--- Exercise materials Enclosed Below ---

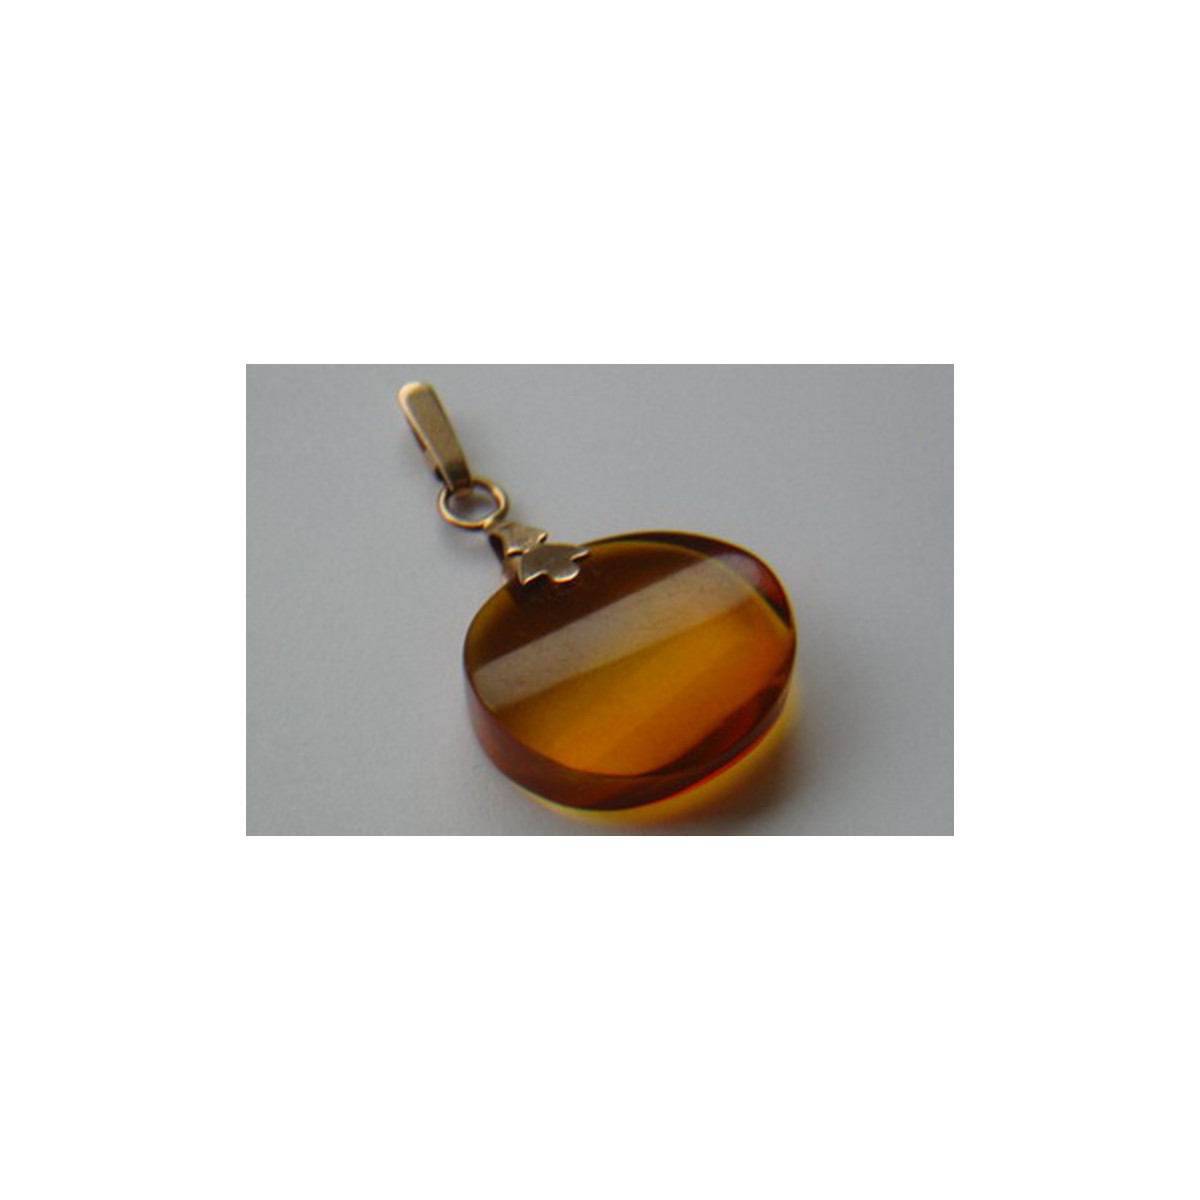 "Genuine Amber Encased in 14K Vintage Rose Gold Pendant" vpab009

--- End of Enclosed Exercise materials ---
--- Exercise materials Enclosed Below ---

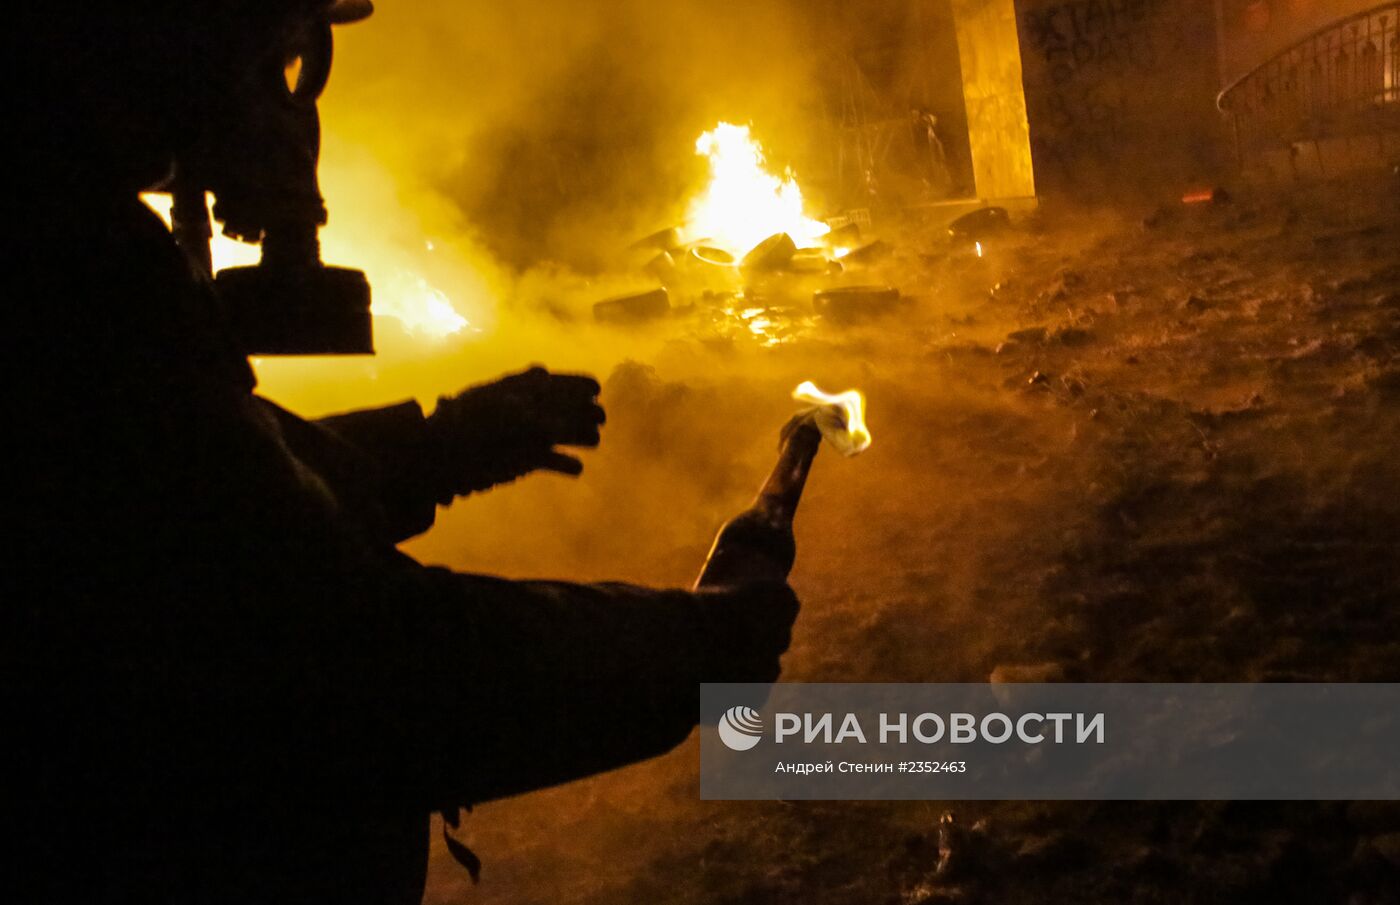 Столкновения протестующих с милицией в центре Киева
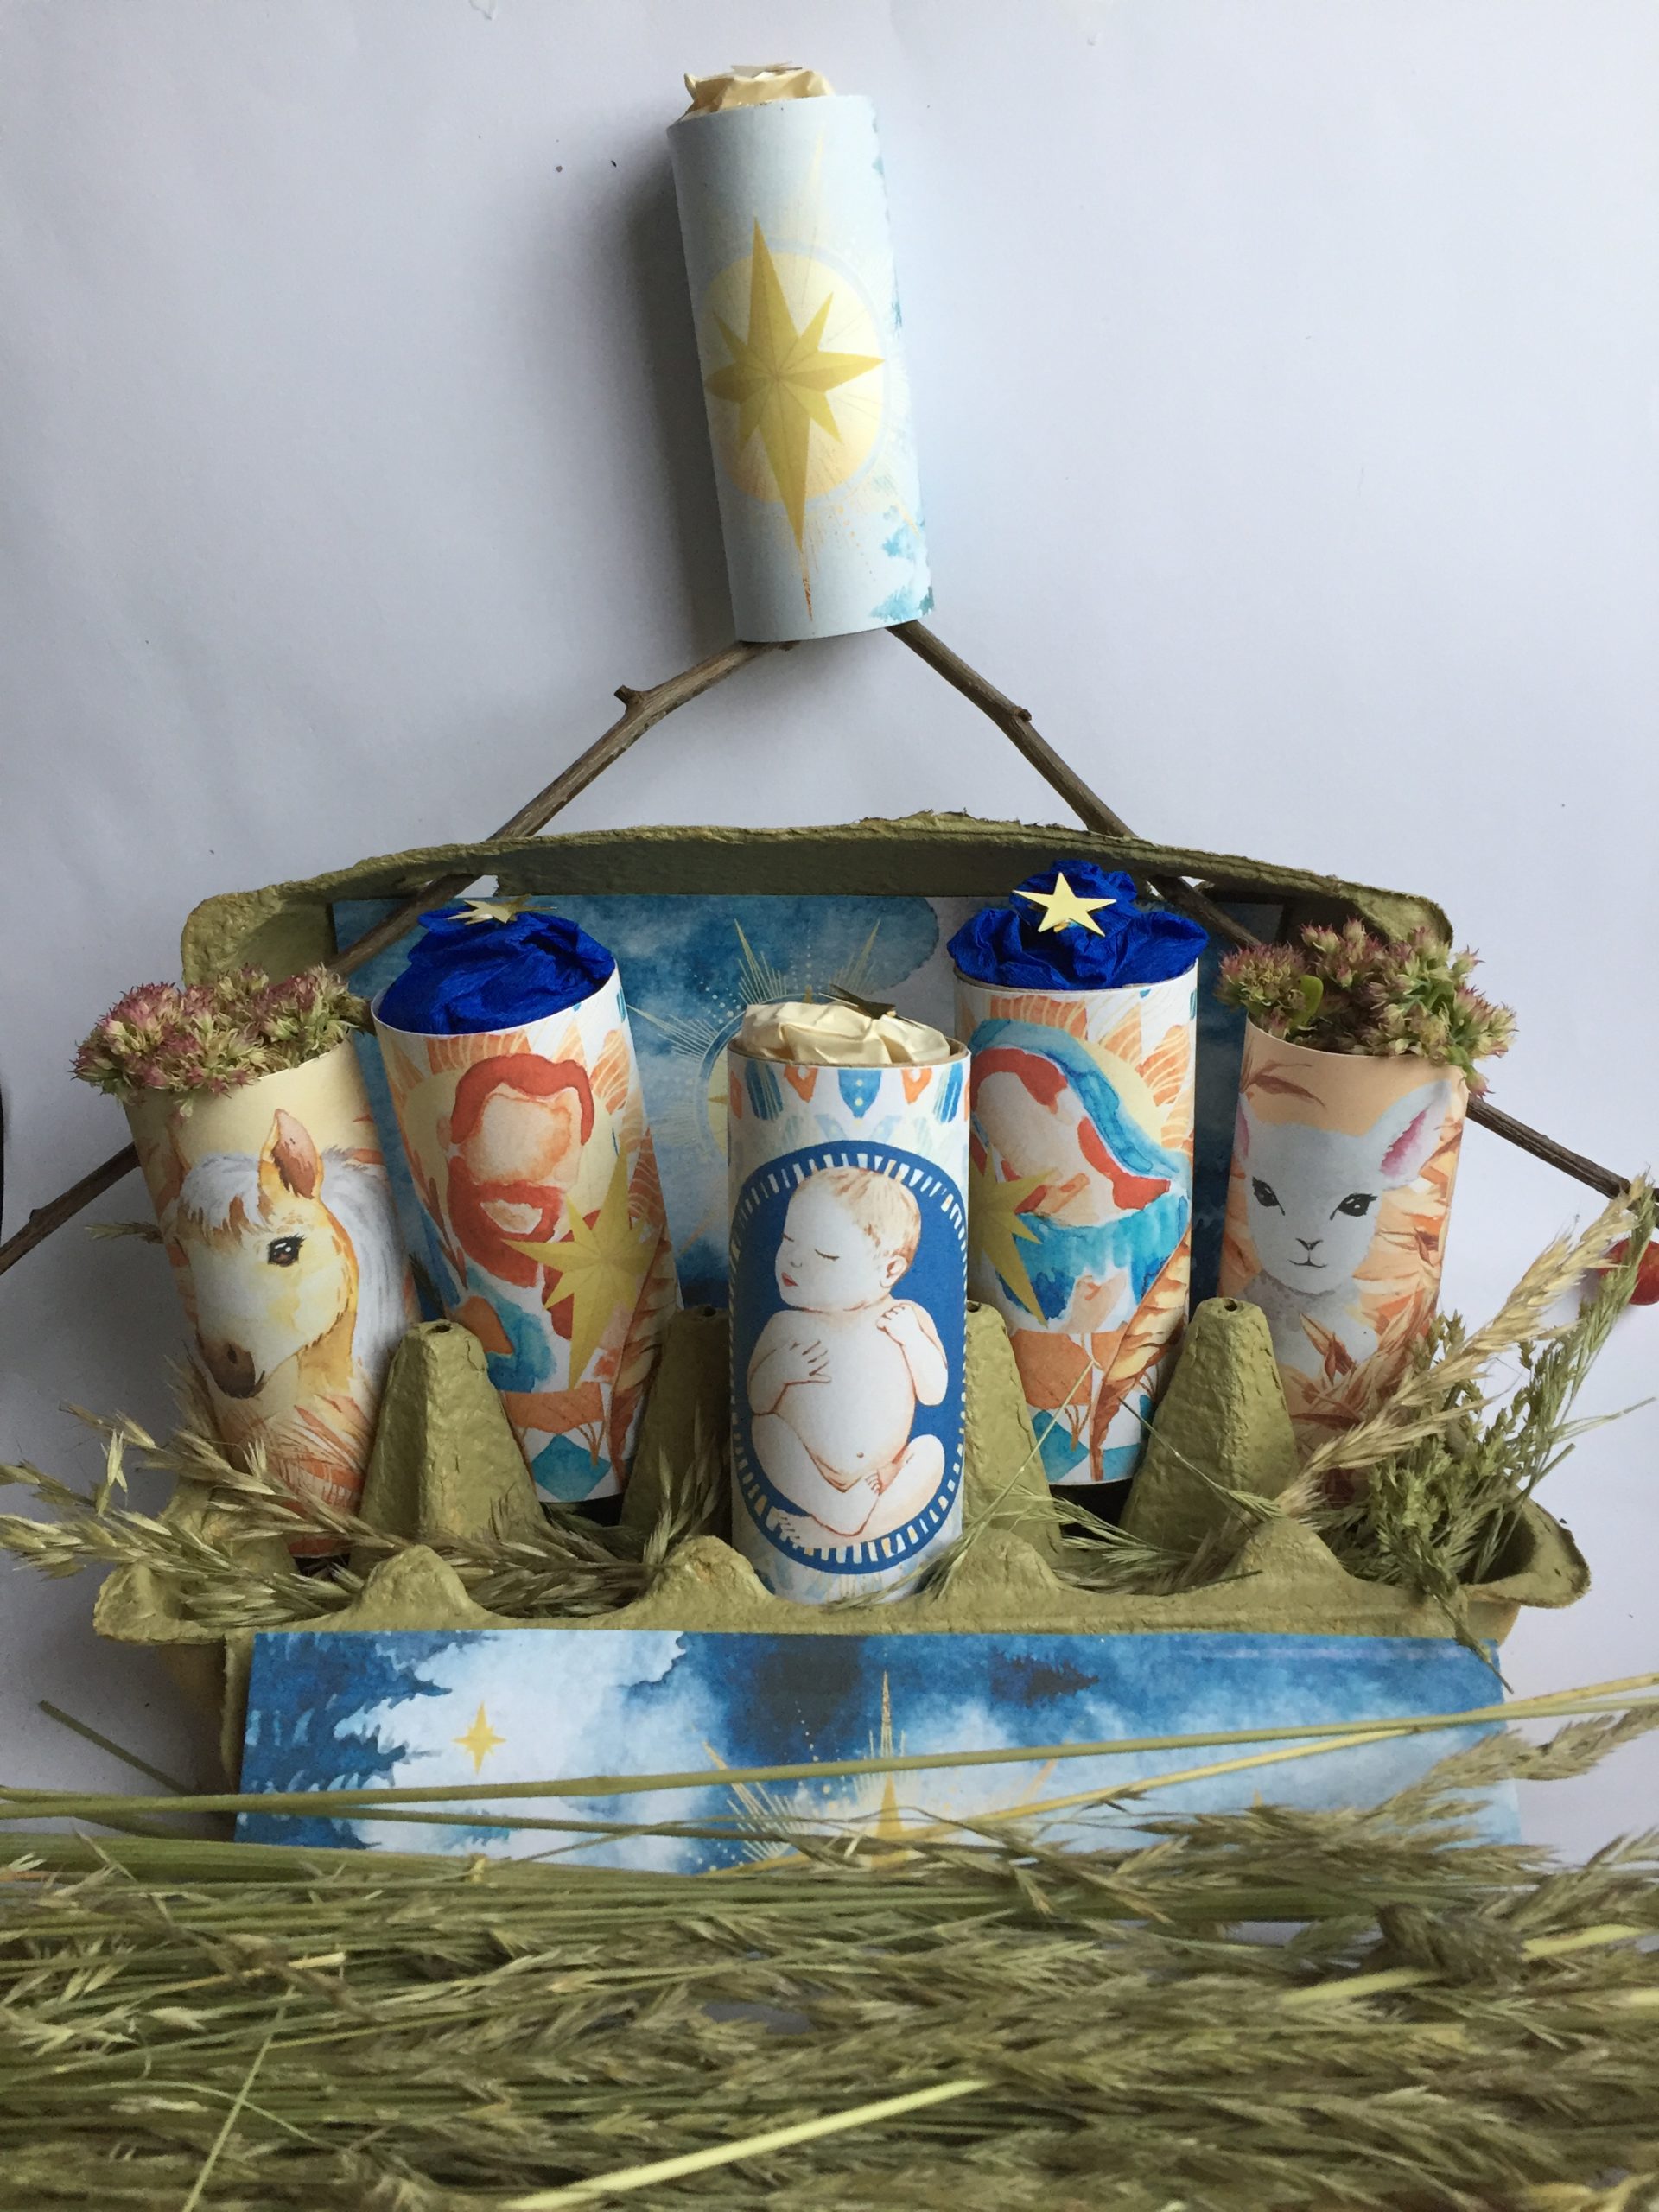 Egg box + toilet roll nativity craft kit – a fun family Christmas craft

--- End of Enclosed Exercise materials ---

Look above for the line with "Столкновения протестующих с" and the line with "Egg box + toilet", then restate exactly those two lines and all lines between them, with no pictures.

> Problem solution:
 Столкновения протестующих с милицией в центре Киева
 Egg box + toilet roll nativity craft kit – a fun family Christmas craft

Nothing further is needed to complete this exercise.